If player 2 picked both columns in equal numbers, player 1 would win 1/2 a point per game, for either the red or white rows.

If player 1 picked both rows in equal numbers, player 2 would win 1 point per game if they pick white, or 0 points if they picked blue.

Not only unlikely, but actually will never happen in optimal play, given the realization that the white strategy dominates the blue one for the row player.

Awesome, thanks for the link, Indistinguishable, and for the great start on the problem, Grumman.

Presumably, both players make their move without knowledge of the other player’s move, like in Paper Rock Scissors. In this case, a strategy isn’t just “Pick red” or the like; it’s a set of probabilities for each (such as “Red 70%, White 10%, Blue 20%”).

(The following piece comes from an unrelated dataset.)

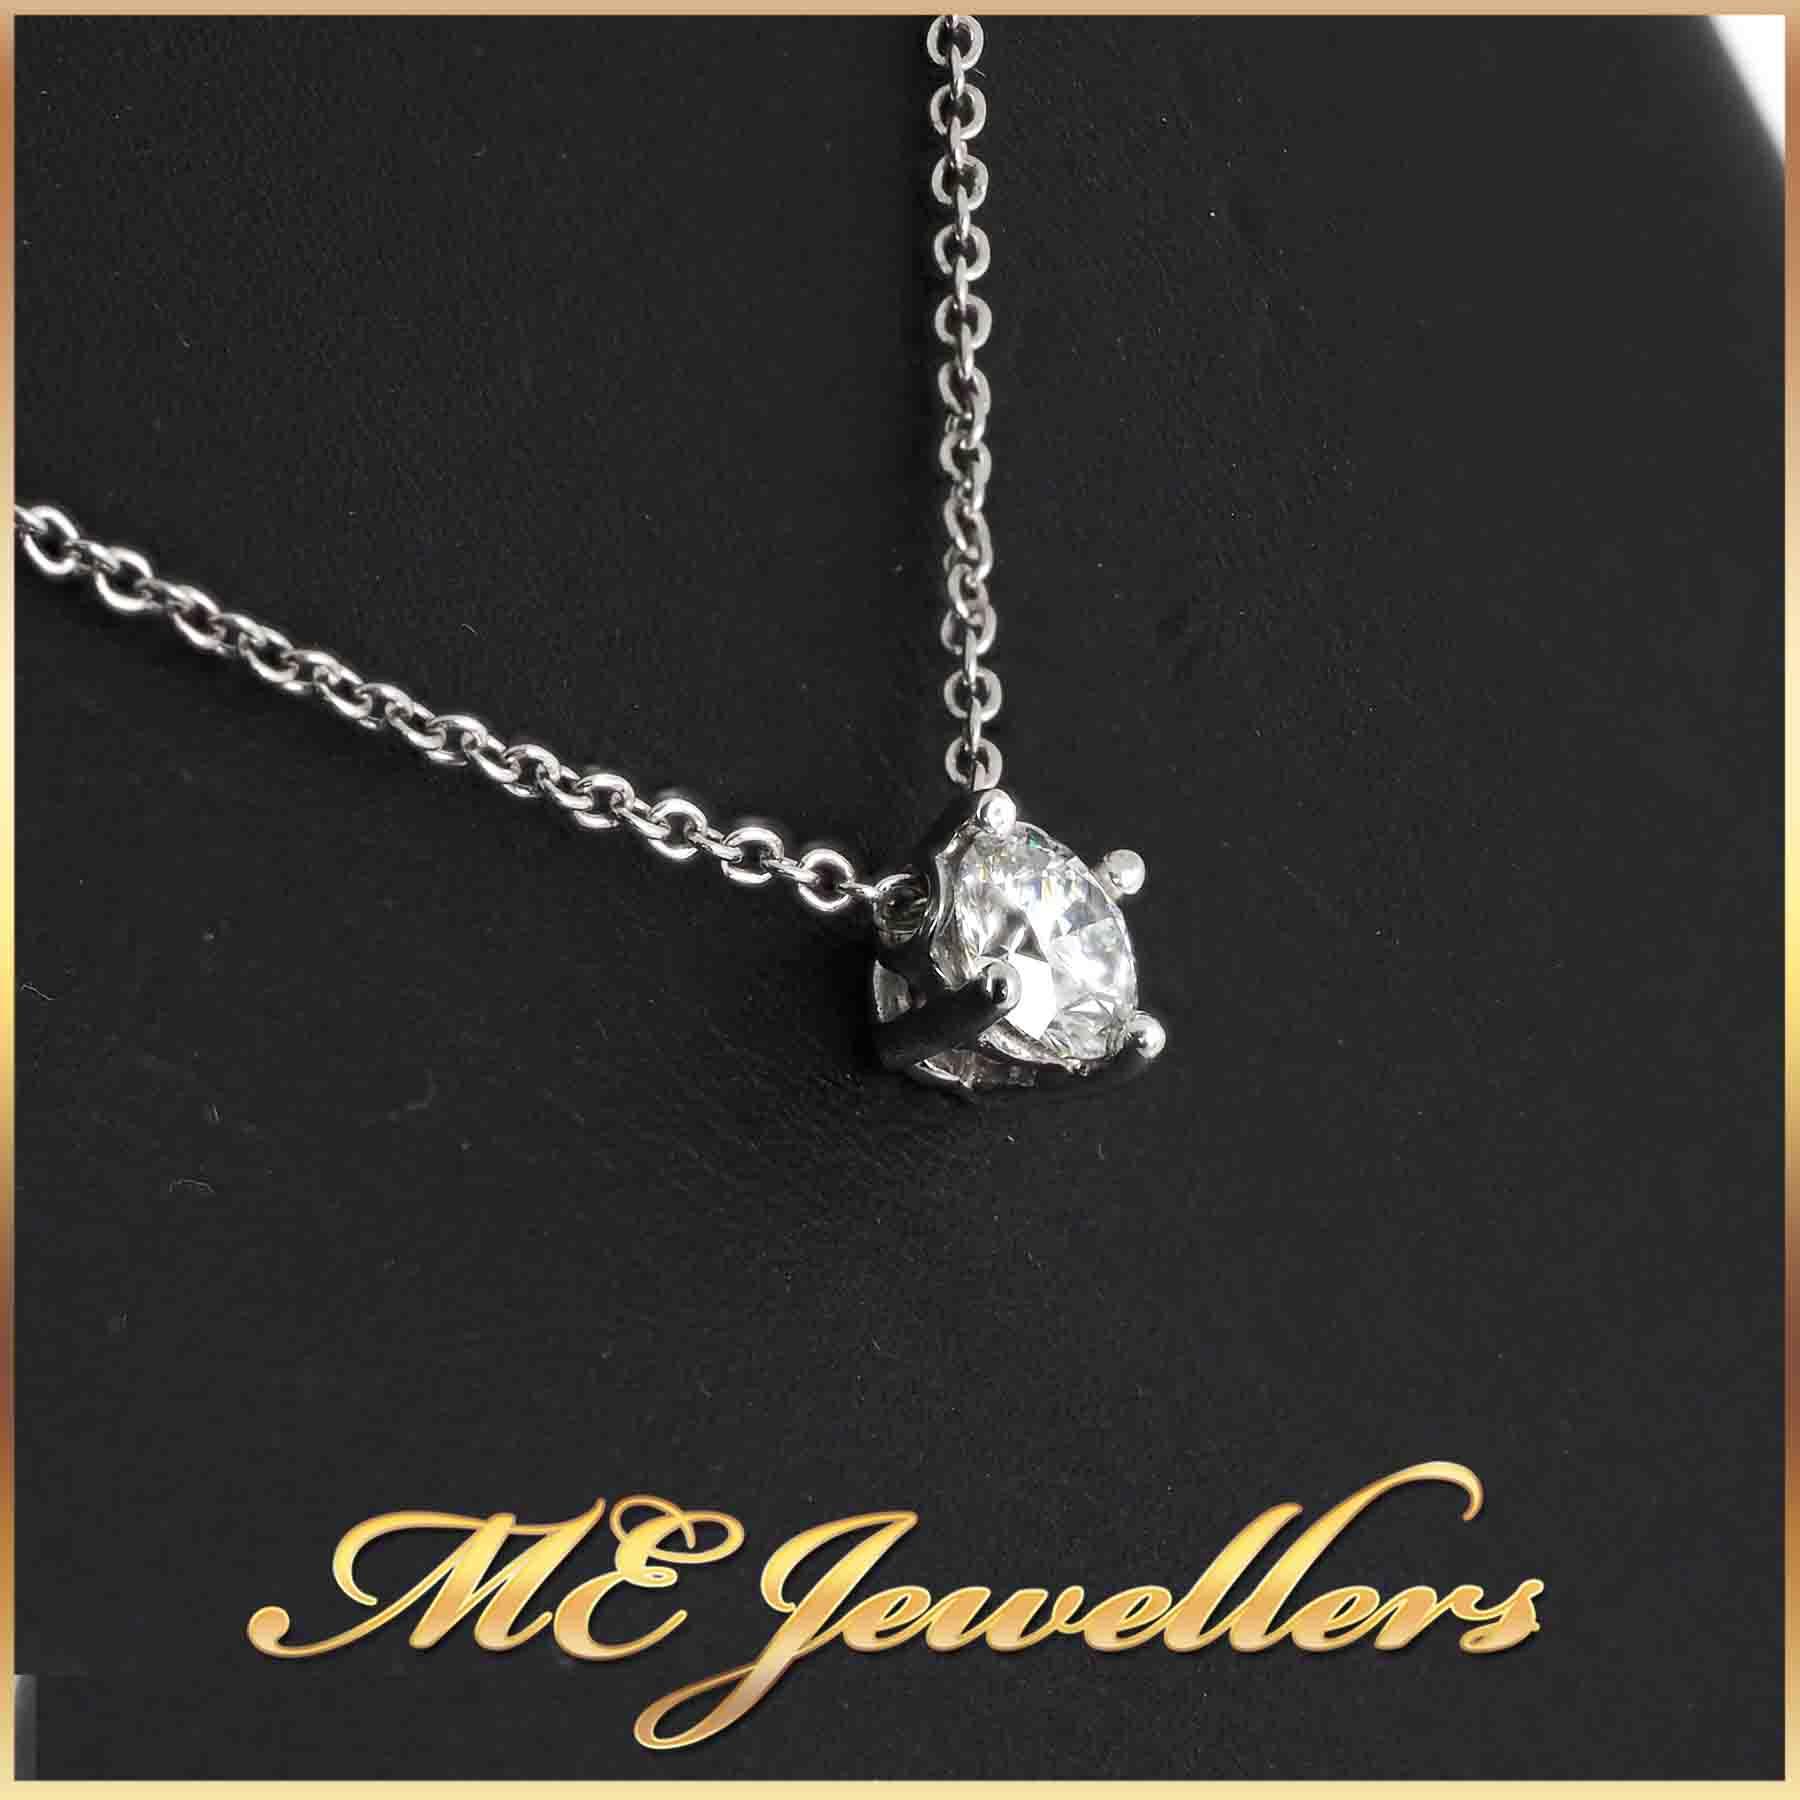 2498-Solitaire Diamond Pendant 0.70ct 18K White Gold 2

If there were a single optimum color for you, then your opponent could figure out what it is, and always pick the color that has a negative expectation for you, but if you’re picking somewhat randomly, your opponent wouldn’t be able to do that.

The trick for finding the optimum set of probabilities is that usually, when you use the optimum set of probabilities, your expected payoff is the same no matter what your opponent does. Otherwise, your opponent’s optimal strategy would be to always pick the one that was best for him, and you would adjust your strategy to take advantage of his simple optimum.

For this particular case, let R, W, and B be the probabilities of you picking each of the choices, in your optimal strategy. In that case, R + W + B = 1, since those are all the choices, and the payoff for each of your opponent’s choices are the same: P[sub]R[/sub] = 0R + 6W + 2B, P[sub]W[/sub] = -2R + 4W + 3B, and P[sub]B[/sub] = 3R -3W -4*B, and P[sub]R[/sub] = P[sub]W[/sub] = P[sub]B[/sub] . We now have a system of four equations in four unknowns (the three probabilities and the payoff), which can be solved by any of the standard algebraic methods.

Perhaps I’m doing something wrong, but I’m getting a negative value for W. When I try to force it to be 0 or positive, I’m getting “false” or “no feasible solution”.

I should have noticed this… You’re right, that when one choice dominates over another, you can just eliminate the dominated choice. That simplifies the problem considerably.

Come to think of it, the existence of dominating strategies in the payoff matrix might be what’s causing the weird behaviour Santo is seeing. Try it again, with Grumman’s simplified matrix.

Thanks, Chronos, I was able to solve the simplified matrix with the method you posted, and verified it with an online algorithm.

I wonder if it’s similar to linear independence, and the dominated choice is trying to “force” itself into the solution when it’s really just extraneous data? Or if it’s because the P[sub]dominated[/sub] is not actually equal to the P[sub]dominating[/sub], and is instead equal to zero. That would give three equations and three unknowns; I think the method you posted is actually three equations with three unknowns, too. I’ll have to check it out in the morning.